#### Collected material
Segment Open

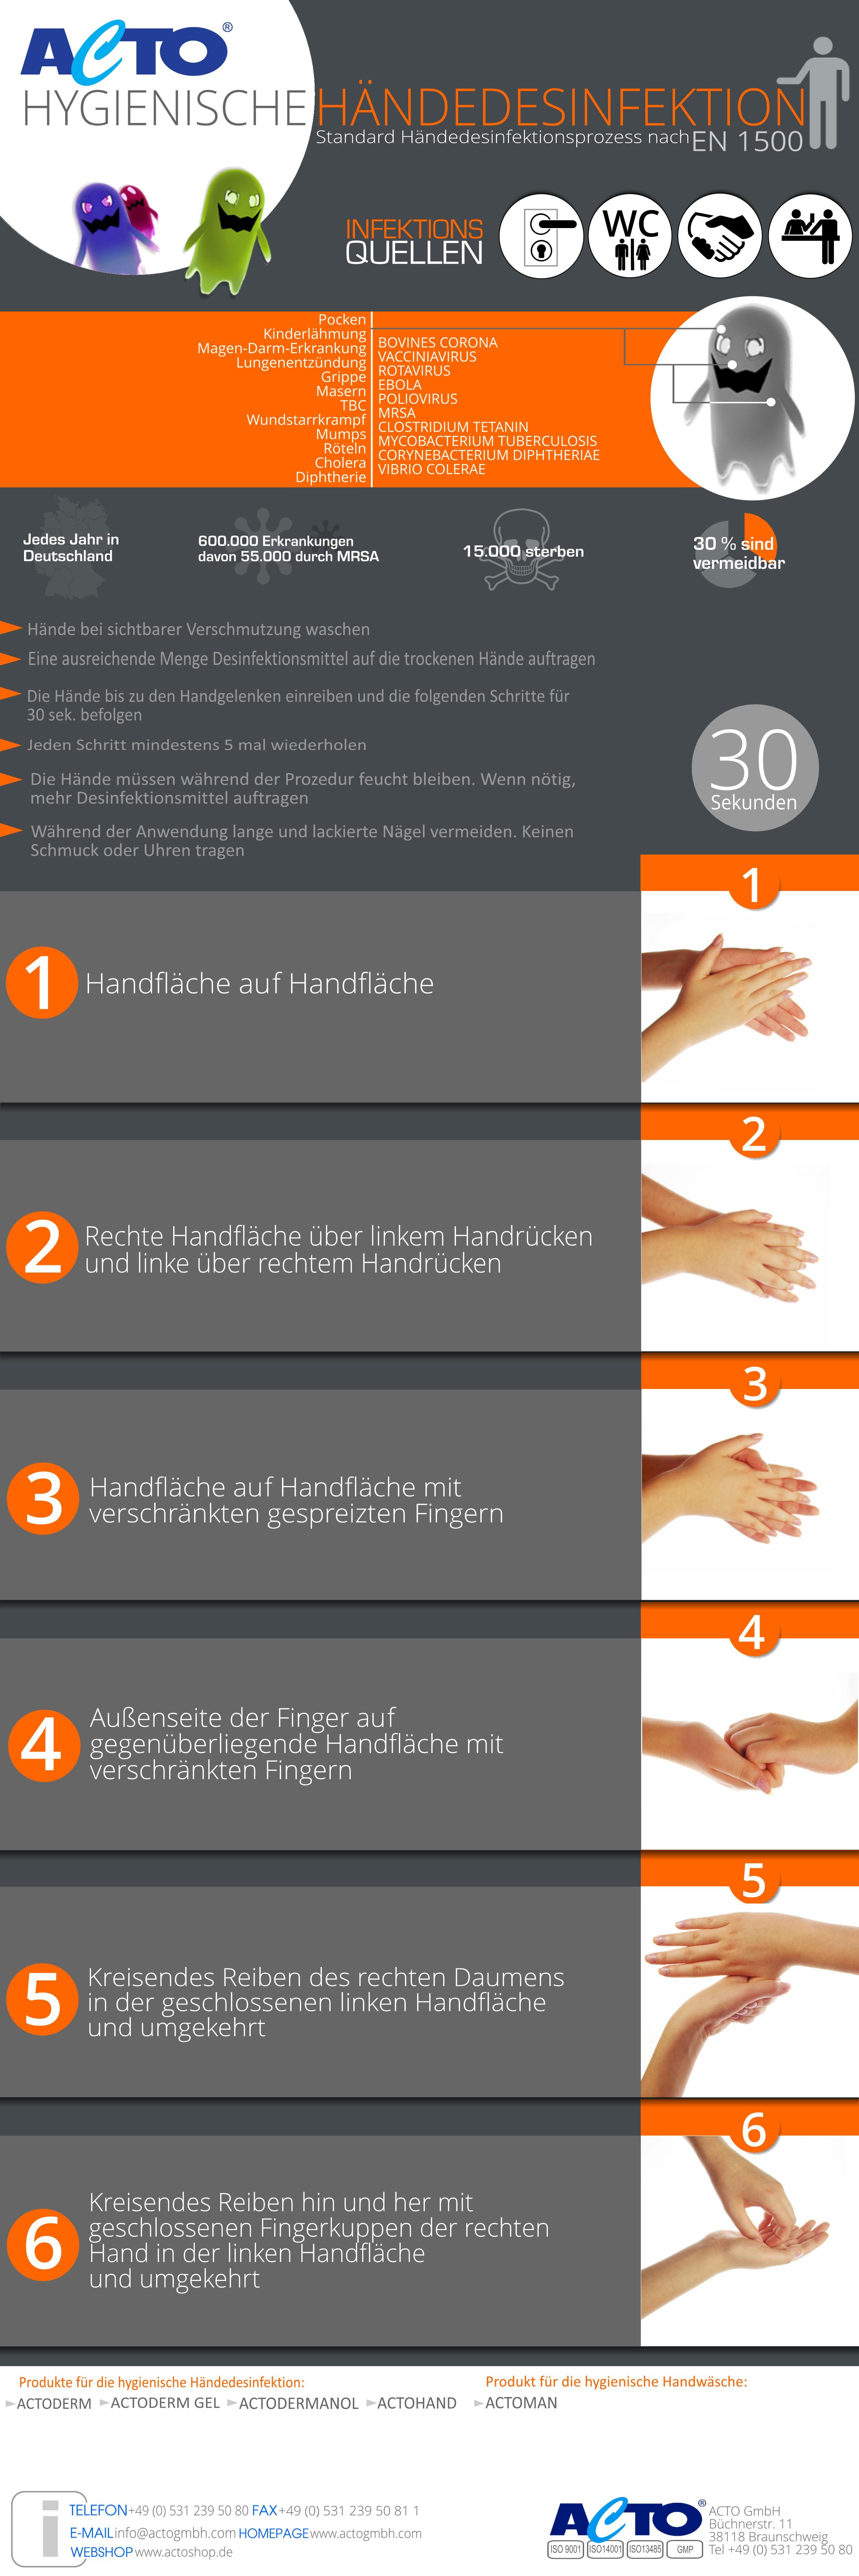 Acto S Guide Wichtige Infos Und Anleitung Zur Hygienischen
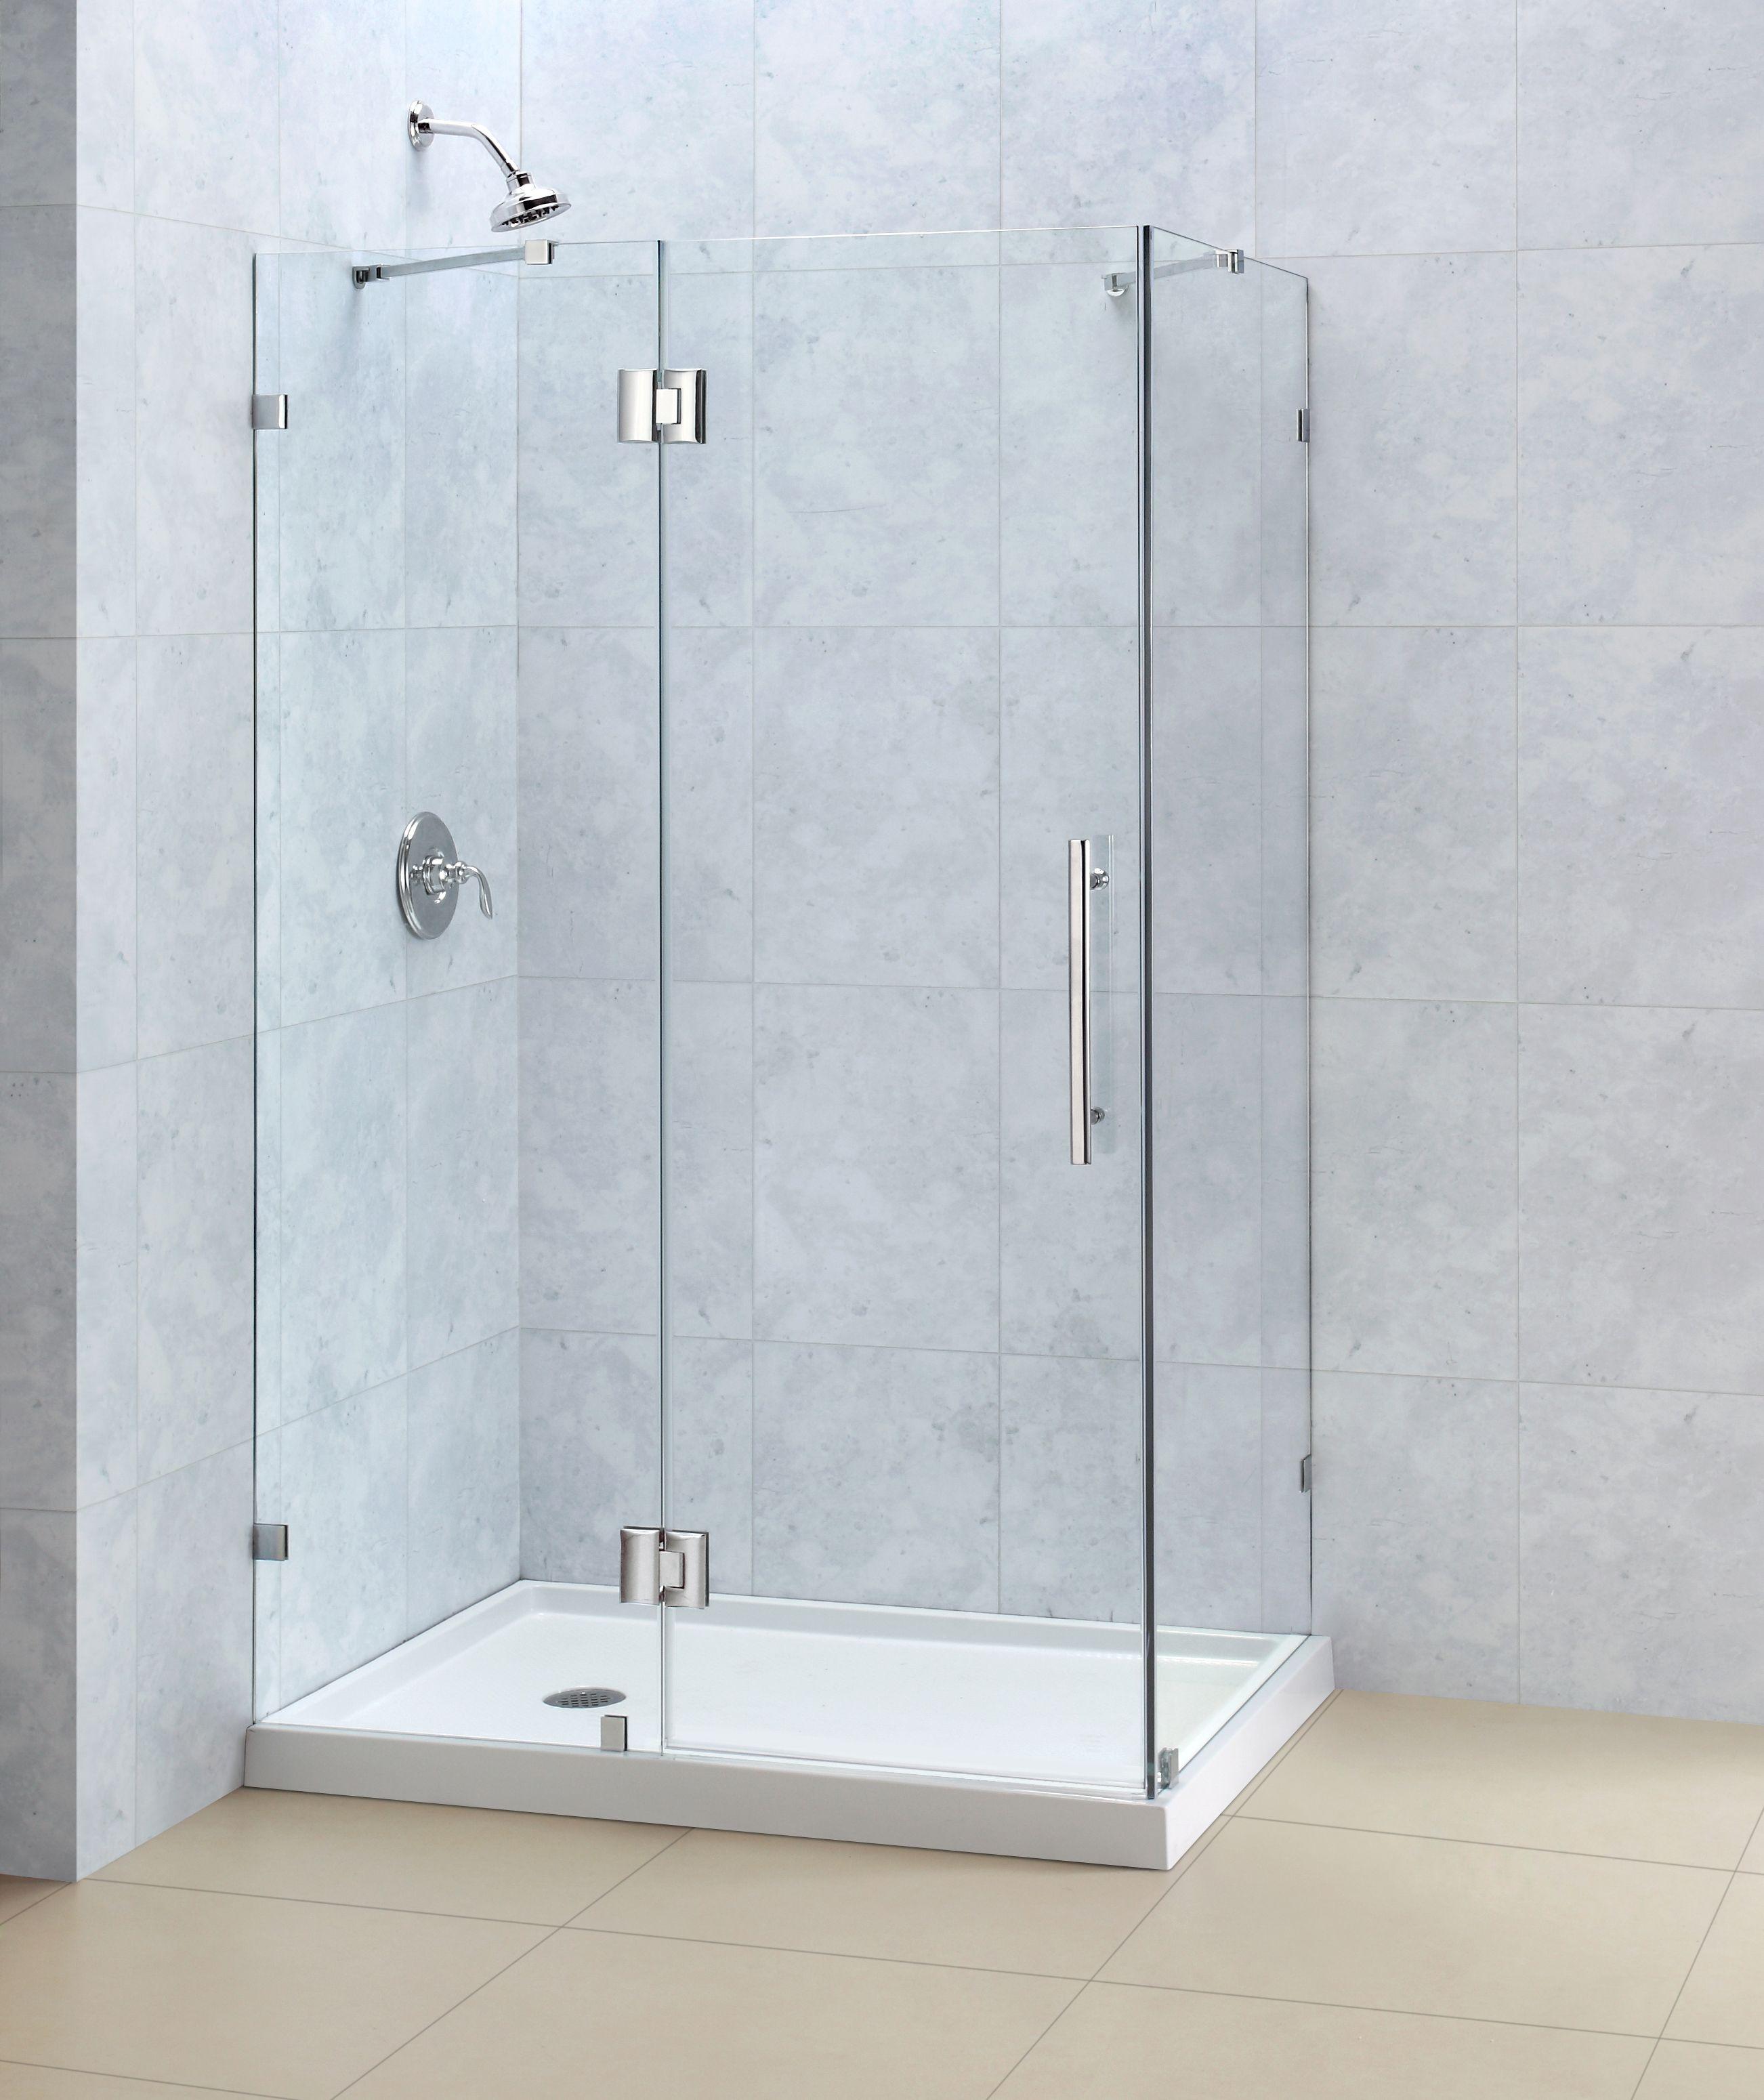 Lowes Bathroom Glass Shower Doors In 2020 Corner Shower Enclosures Glass Bathroom Glass Shower Doors
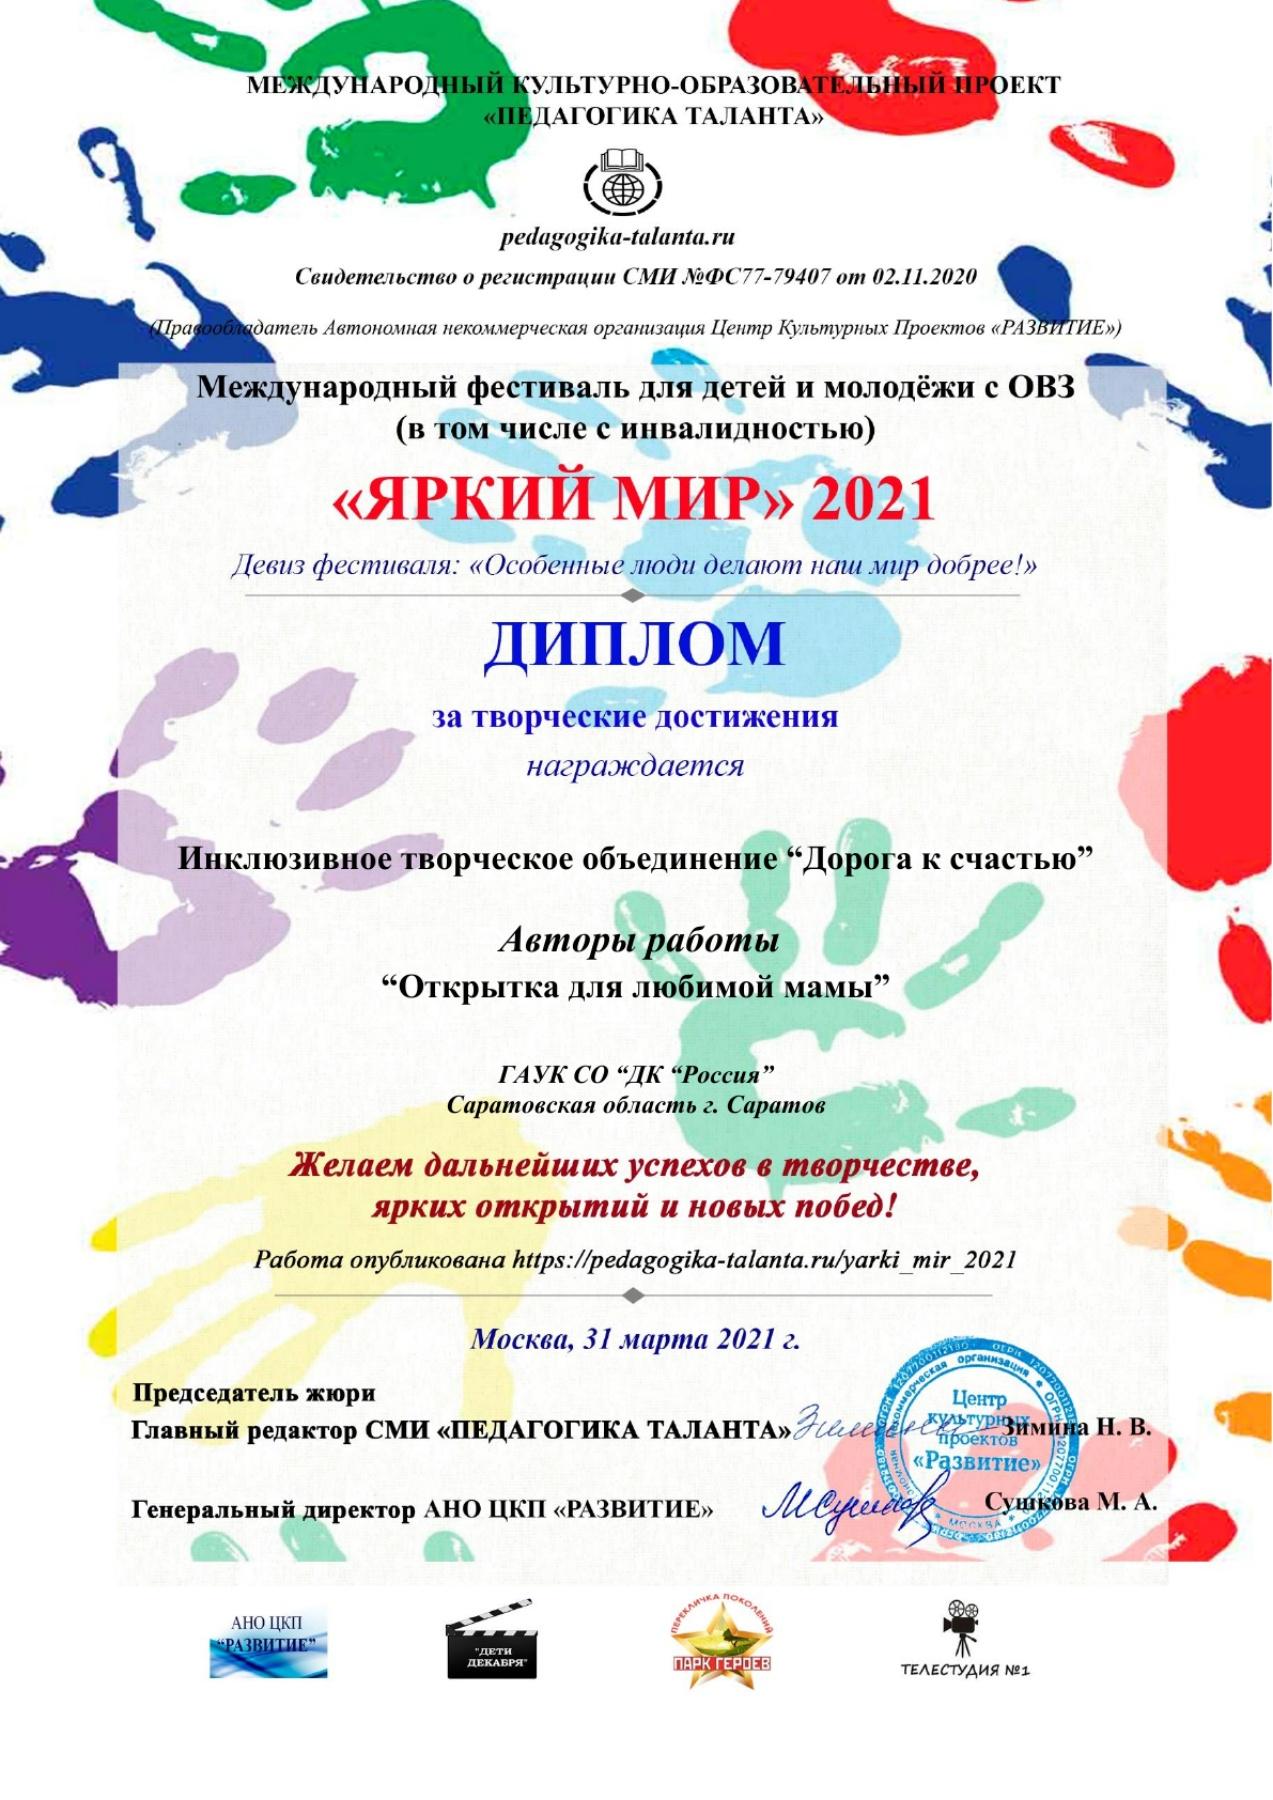 Ученики творческого объединения «Дорога к счастью» награждены дипломами международного фестиваля «Яркий мир»-2021

Segment Closed

#### Task details
Could you transcribe exactly the lines from the one with "Lowes Bathroom Glass" through the end of the data, both ends included, and nothing else, skipping the pictures?

#### Response below
 Lowes Bathroom Glass Shower Doors In 2020 Corner Shower Enclosures Glass Bathroom Glass Shower Doors
 Ученики творческого объединения «Дорога к счастью» награждены дипломами международного фестиваля «Яркий мир»-2021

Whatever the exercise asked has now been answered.